- Born: 1934 Liverpool, England, United Kingdom
- Died: 24 May 2008 Warwickshire, England
- Occupation: Newsreader

= Alan Towers =

British television presenter (1934–2008)

Alan Towers (1934 – 24 May 2008) was a presenter of Midlands Today, BBC Midlands' regional news programme.

==Career==
After stints as a newsreader with ITN and Granada Television in Manchester, Towers joined BBC Midlands in 1972 as the main presenter on Midlands Today and was also seen nationally as a presenter of features from the English Midlands on Nationwide. His most famous item was the infamous "skateboarding duck" story.

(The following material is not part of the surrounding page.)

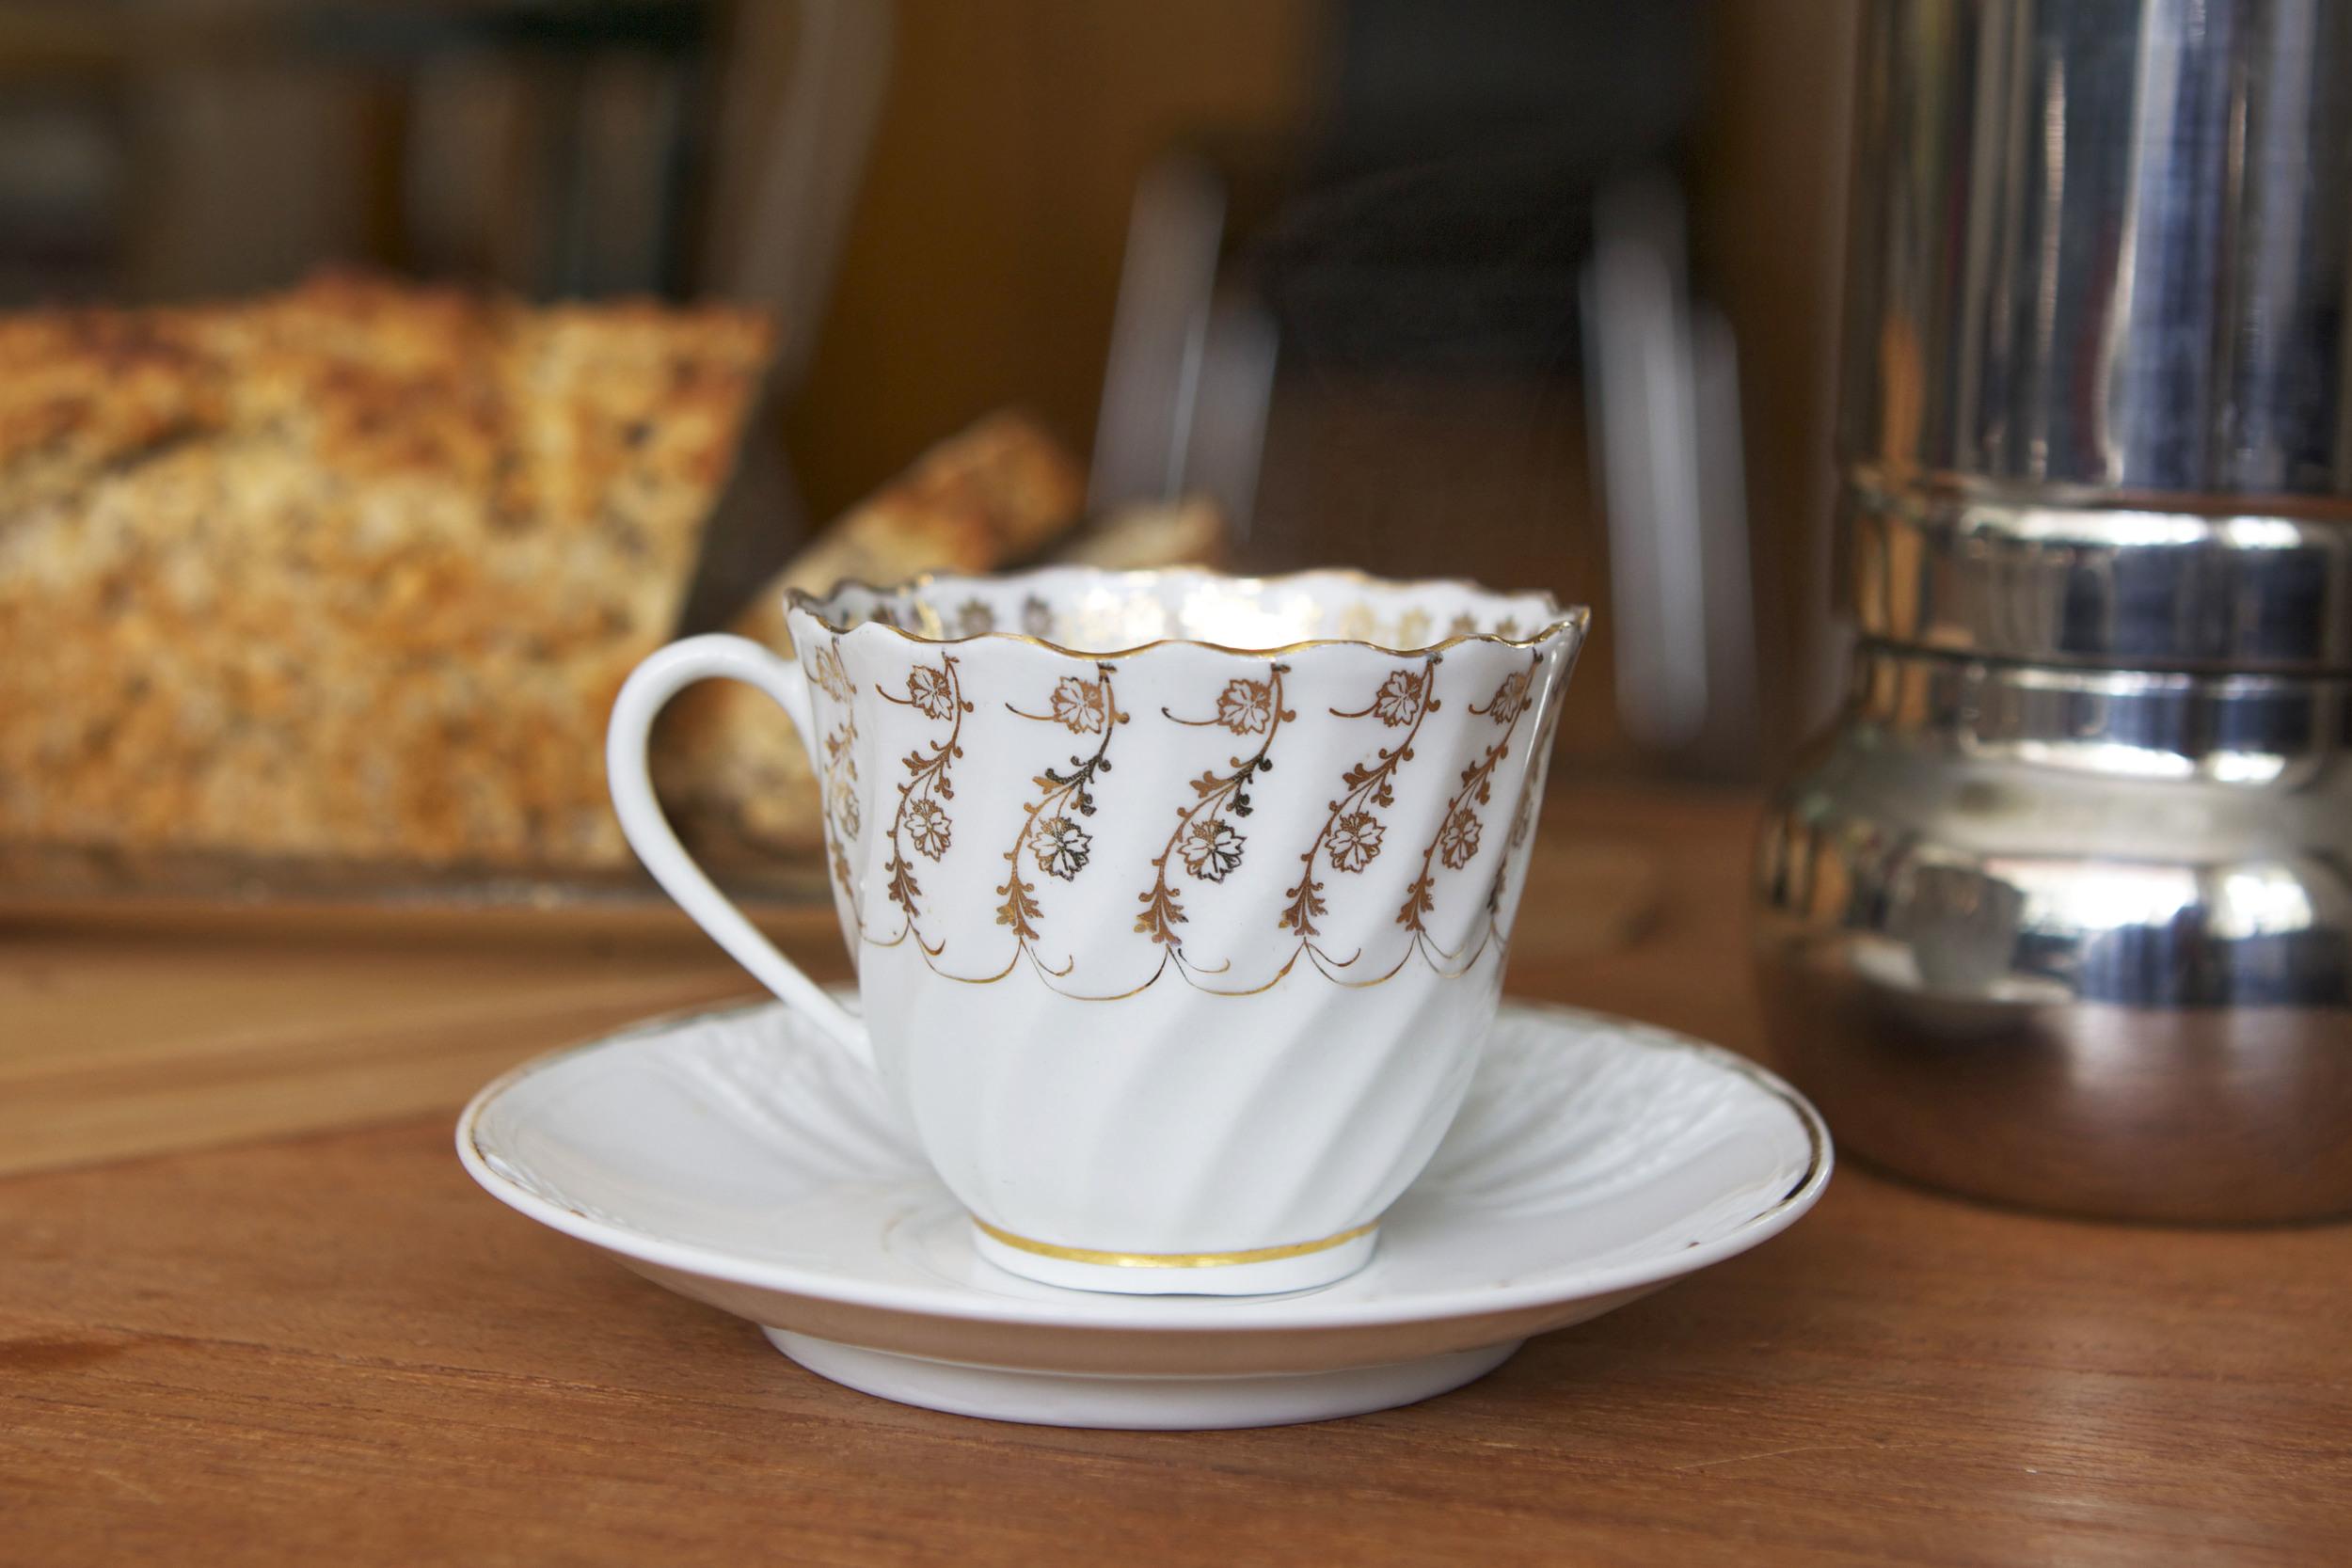 vintagecoffee.jpg
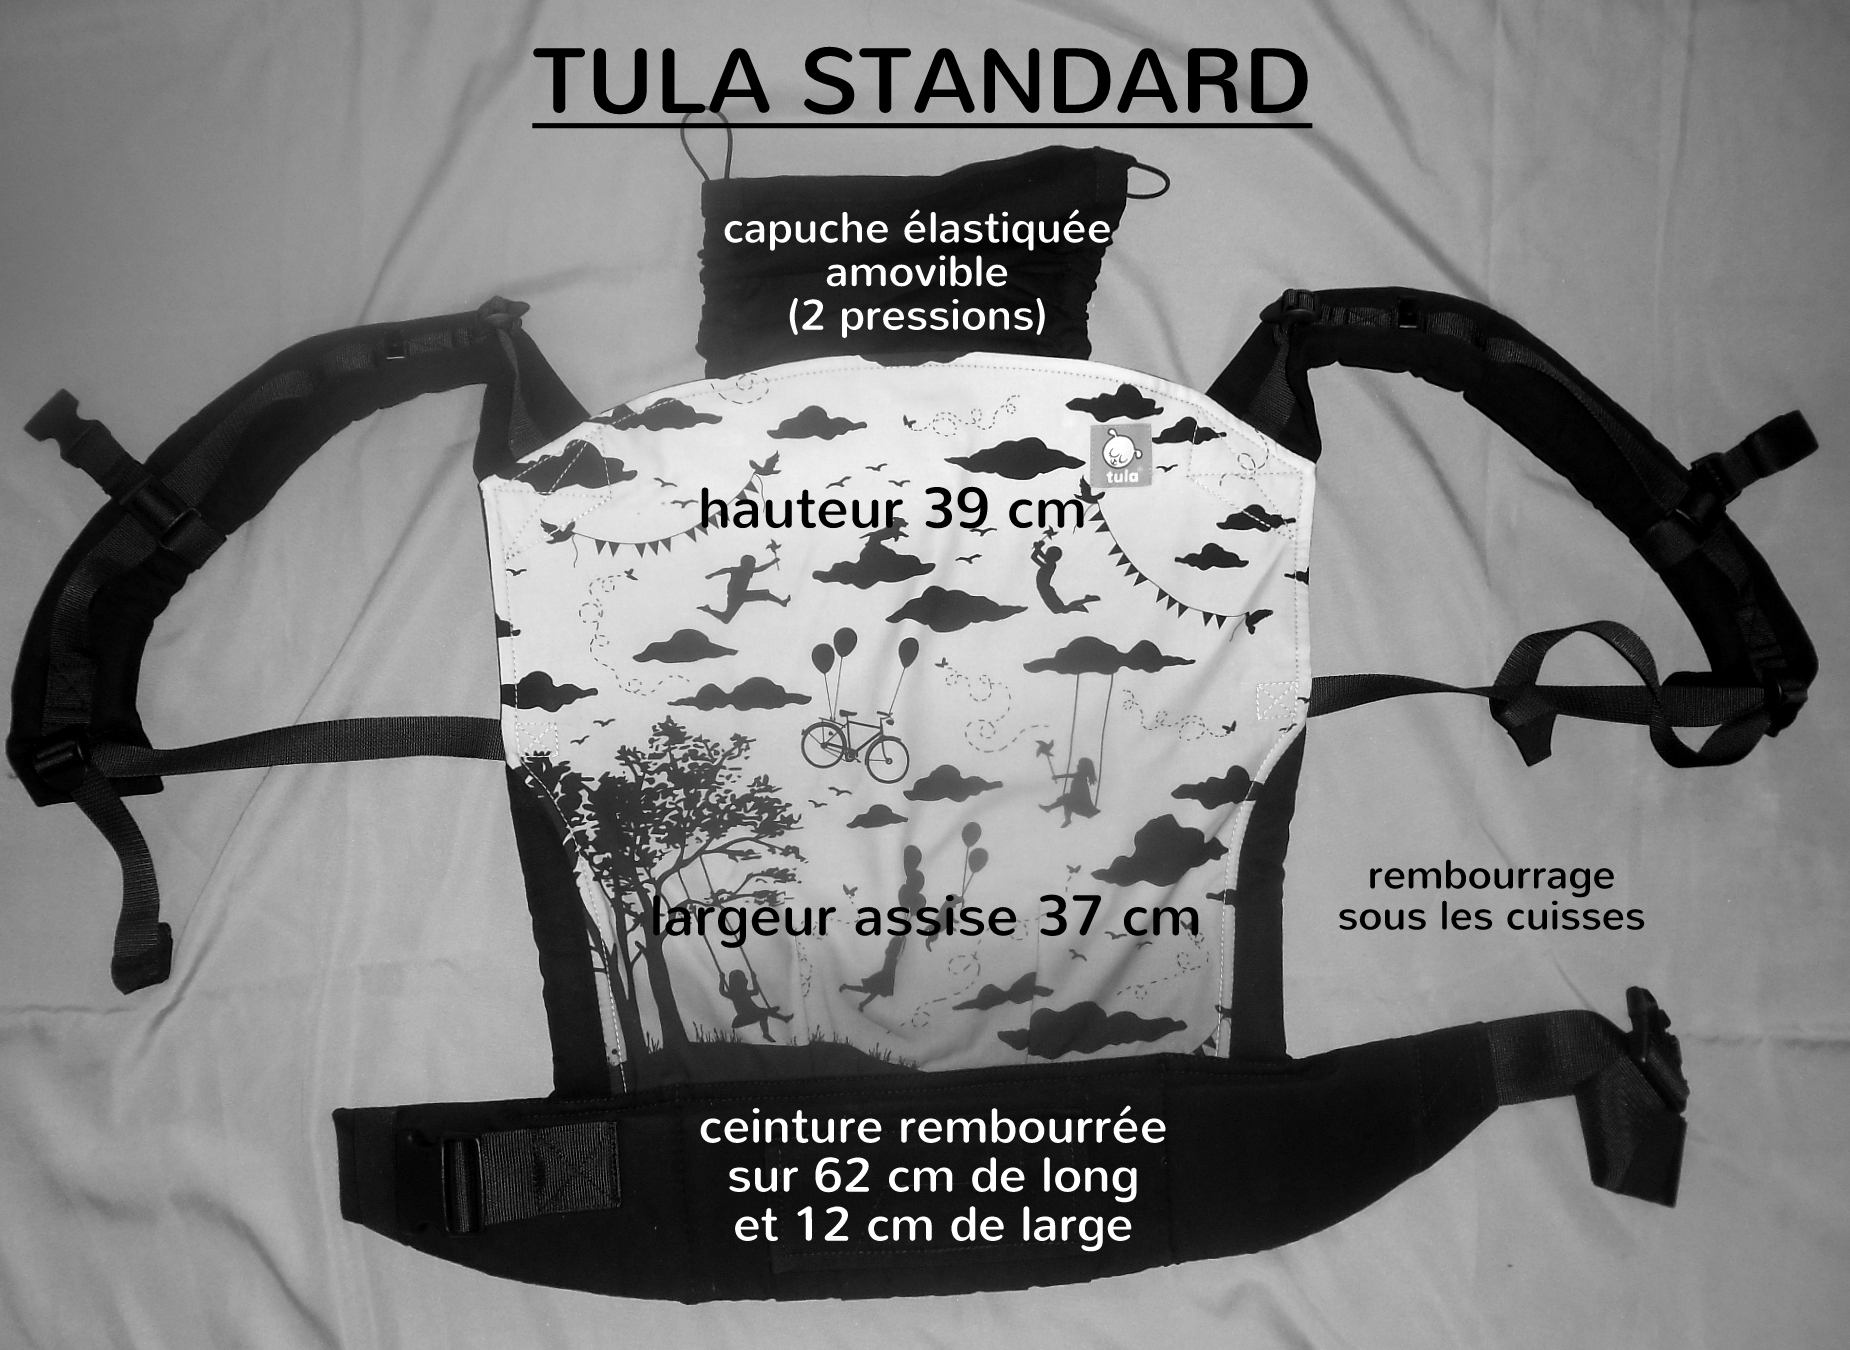 Tula standard babysize dimensions

He regularly presented the programme with Kay Alexander.

Following a heart attack during the late 1980s, Towers left his role as main presenter but continued on Midlands Today as a sports presenter and reporter. During this time, he also raised thousands of pounds for charity by walking the Great Wall of China and riding a motorbike across Canada. He appeared in a few episodes of the BBC's medical drama Dangerfield as a local TV news reporter.

In 1997, Towers announced his resignation from the BBC on-air and left viewers with a disparaging comment about the state of BBC management:

For me, this is a personal goodbye because I'm leaving the BBC after 25 years. When I joined the corporation, it was led by giants. Now, I'm afraid it is being led by pygmies in grey suits wearing blindfolds. How sad. But times do change. From me, for the final time, goodbye.

Despite these comments, Towers returned to Midlands Today as a special guest on the programme's last broadcast from the Pebble Mill studios in October 2004.

==Personal life==
Towers died at the age of 73 on 24 May 2008 at his home in Warwickshire, after a long illness.